The kidney bean is a variety of common bean, so called because, well, it looks like a kidney. A great source of protein, especially for those who don’t eat meat regularly, the kidney bean benefits from being extremely nutrient dense and high in fibre, with large amounts of a number of essential nutrients. Kidney beans are classically a part of Chilli con carne, but can also be used in bean burgers, bean salads, and as a replacement for ground mince in a number of traditional Mexican dishes. With a fantastic nutritional profile and a confirmed heart healthy food, the kidney bean is a fantastic choice of lean protein.

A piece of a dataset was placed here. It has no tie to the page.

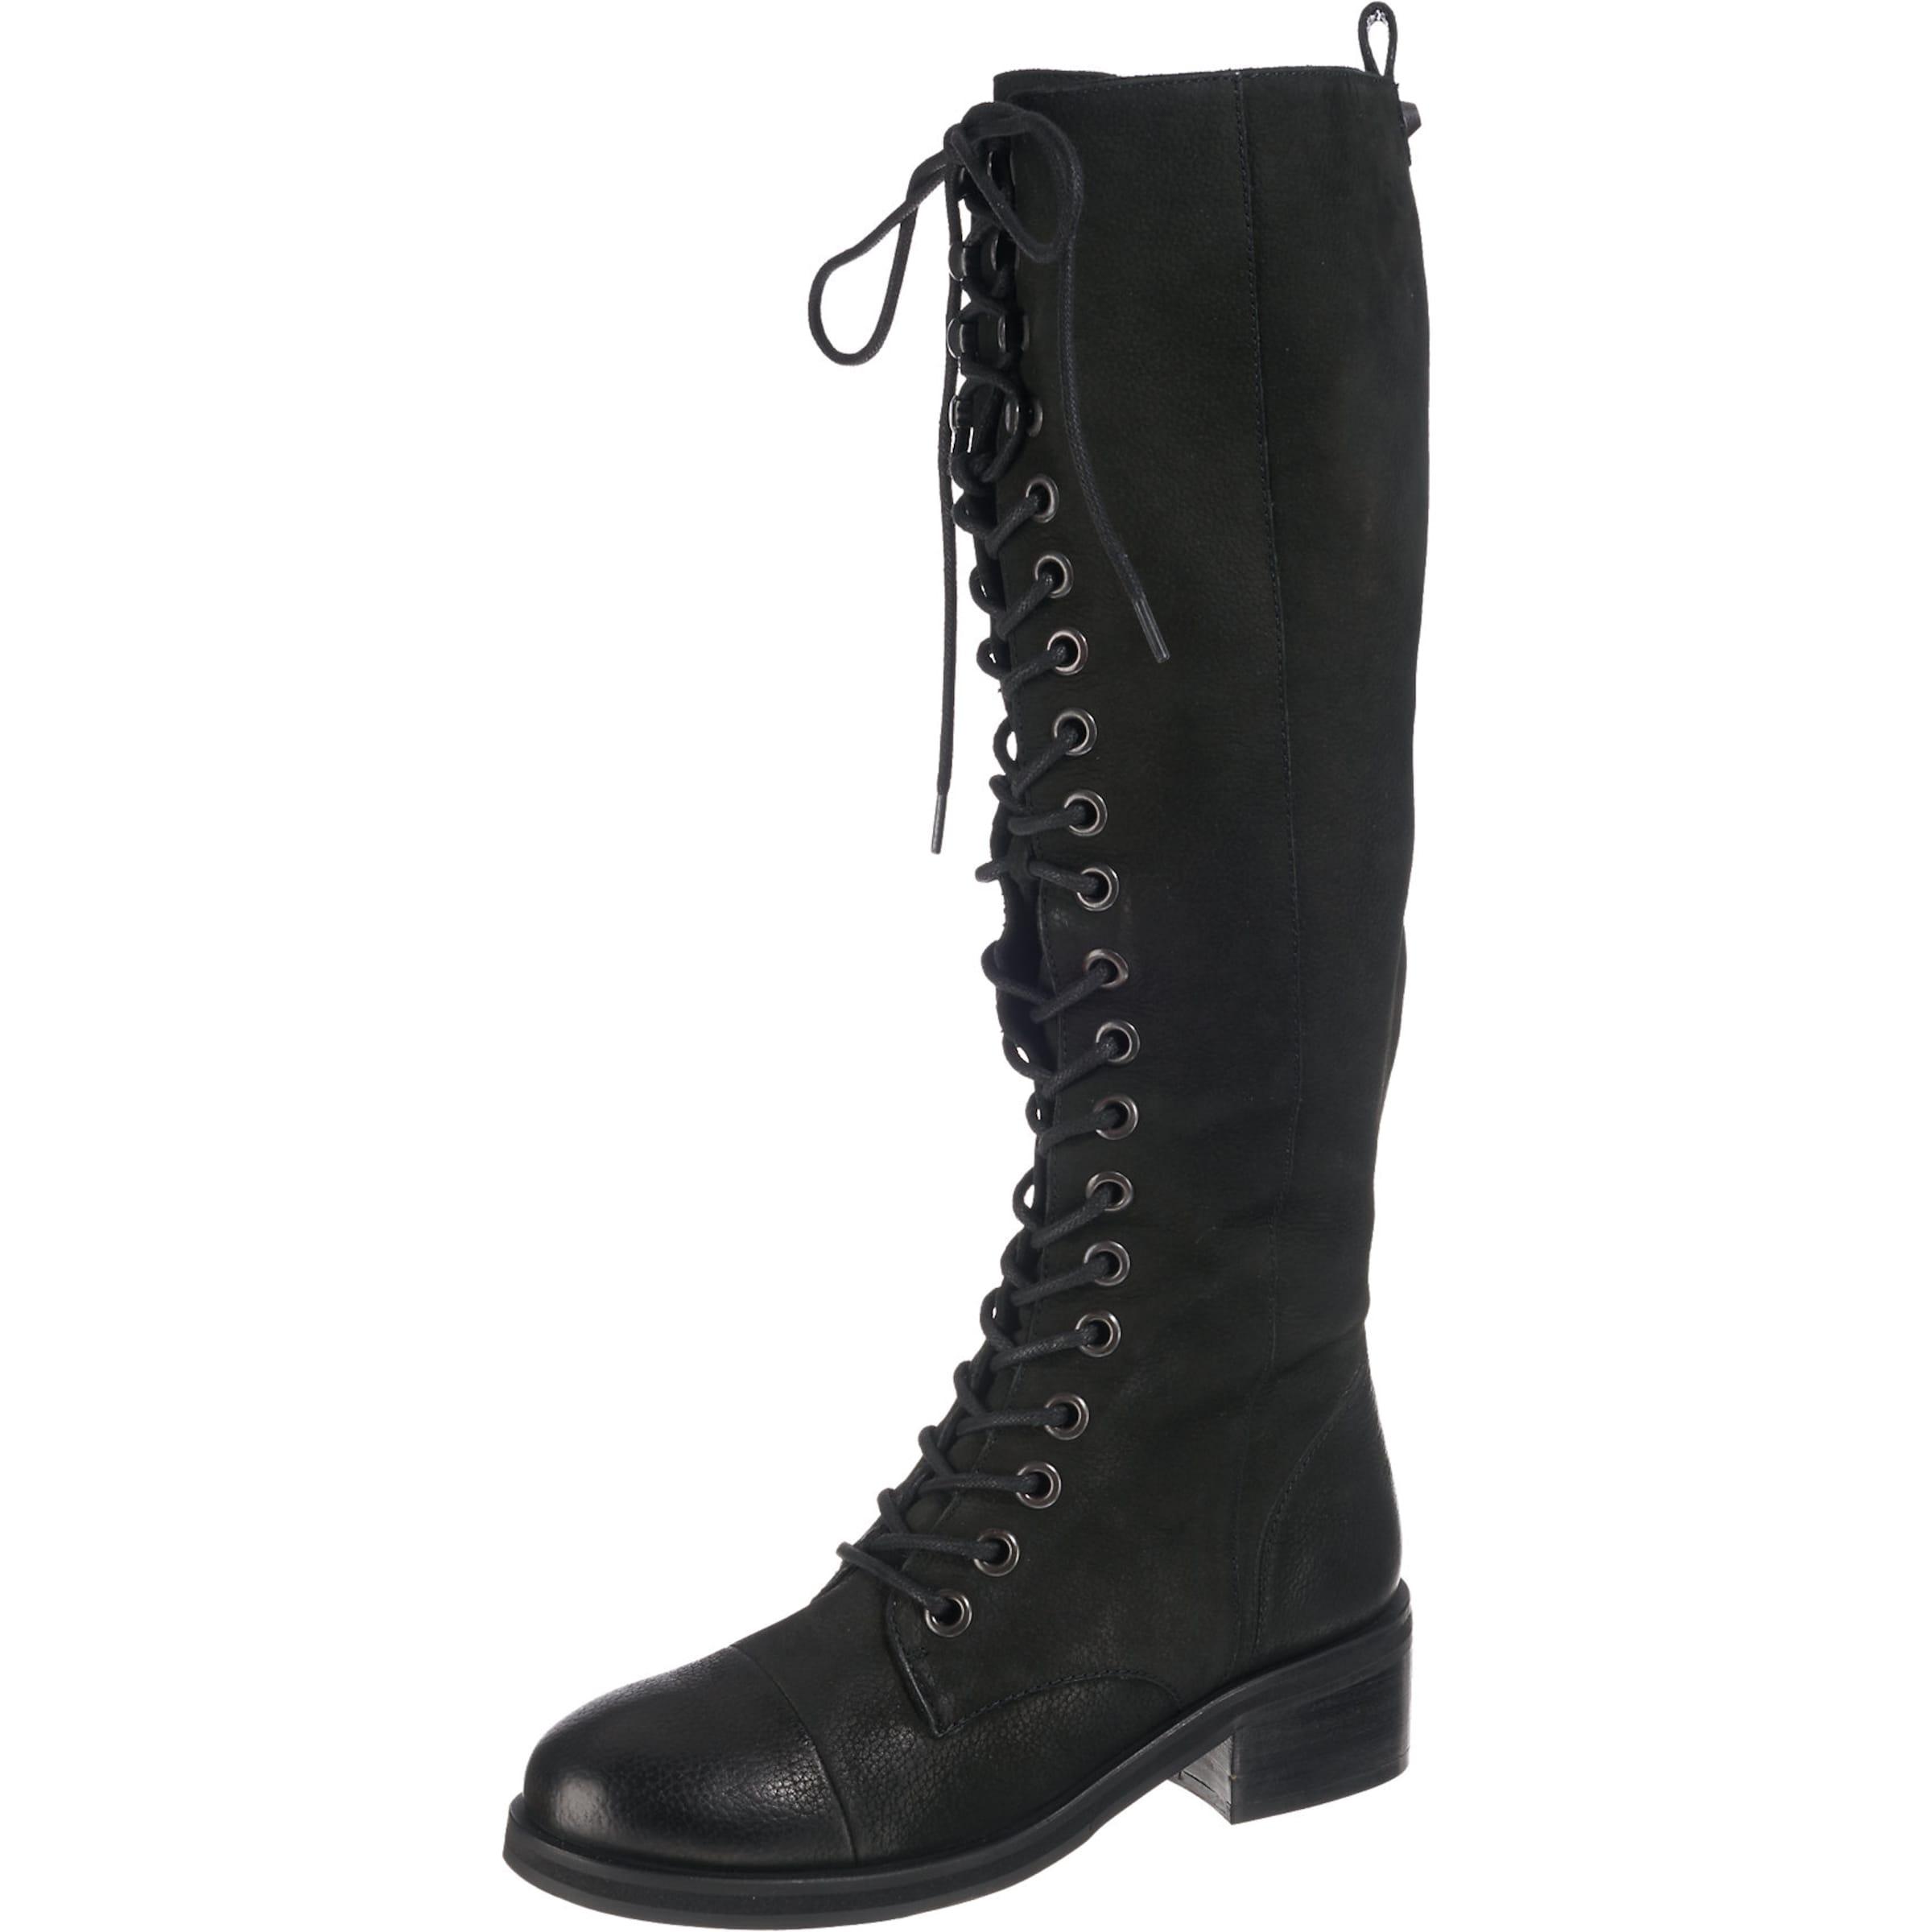 Haltbare Mode billige Schuhe SPM | Zac Klassische Klassische Klassische Stiefel Schuhe Gut getragene Schuhe 7689dd
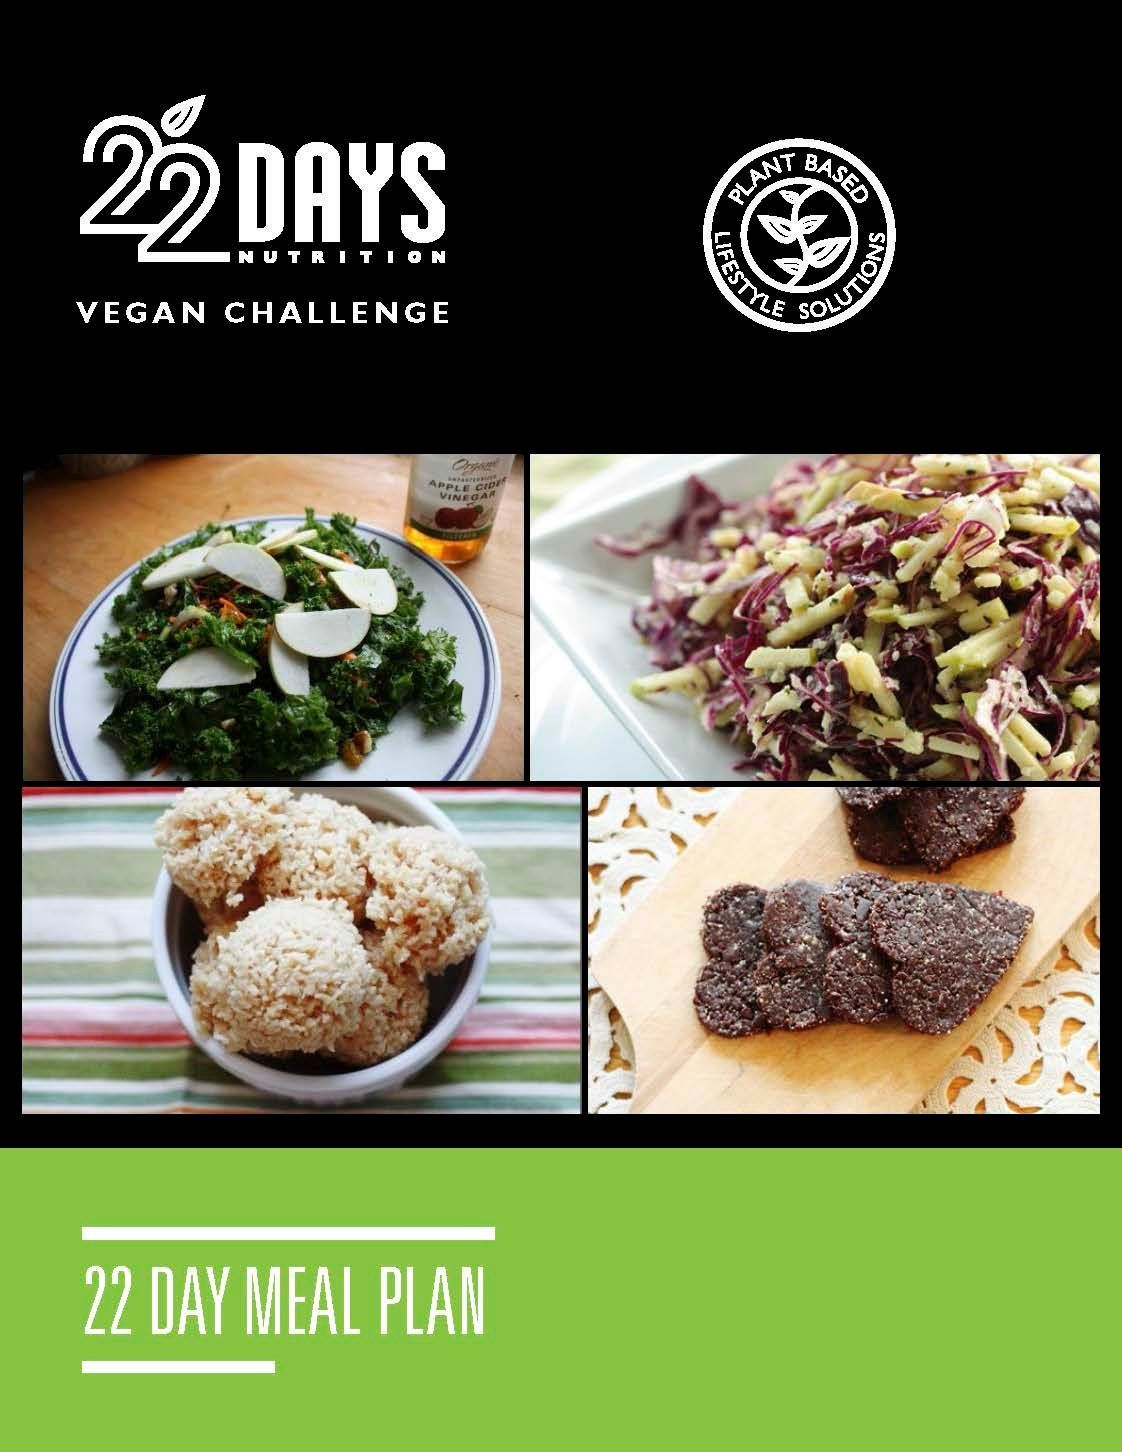 Pin On Vegan Download 2019 Pdf Ebook 1 Link Veganfitness Veganfood Vegan Ebook Offer Photography Love Video Music

Nutritionally, kidney beans are like many legumes: a nutrient-dense source of lean protein, or, in other words, really good for you! 100g of raw kidney beans is 333 calories, and those 333 calories provide you with 24g of protein (or 48% of your Daily Value – DV). On top of that, kidney beans follow the pattern of many other legumes by being extremely high in dietary fibre (60% DV) and essential nutrients. Kidney beans contain 98% DV of folate, 44% DV of iron, 40% DV of potassium, 35% DV of magnesium, and 20% DV of zinc. That covers everything from haemoglobin production to male sexual performance to your long term risk of heart disease, and that only scratches the surface, so it’s crucially important not to be deficient.

High fibre and high legume diets in general have been shown to be good for cardiovascular disease. High fibre diets have been shown to be associated with a lower risk of heart disease, and diets high in legume consumption have been shown to have an extremely reduced risk of heart disease as compared to a control. Finally, there is some association that has been suggested between high fibre diet and the incidence of Type 2 diabetes.

One word of warning, however: kidney beans contain a toxin called phytohemagglutin, so if cooking from dried, it is important that you boil the kidney beans for at least 10 minutes before eating them. And it is important that you boil them: merely heating them may simply raise the toxin concentration. Canned kidney beans, however, do not carry this danger.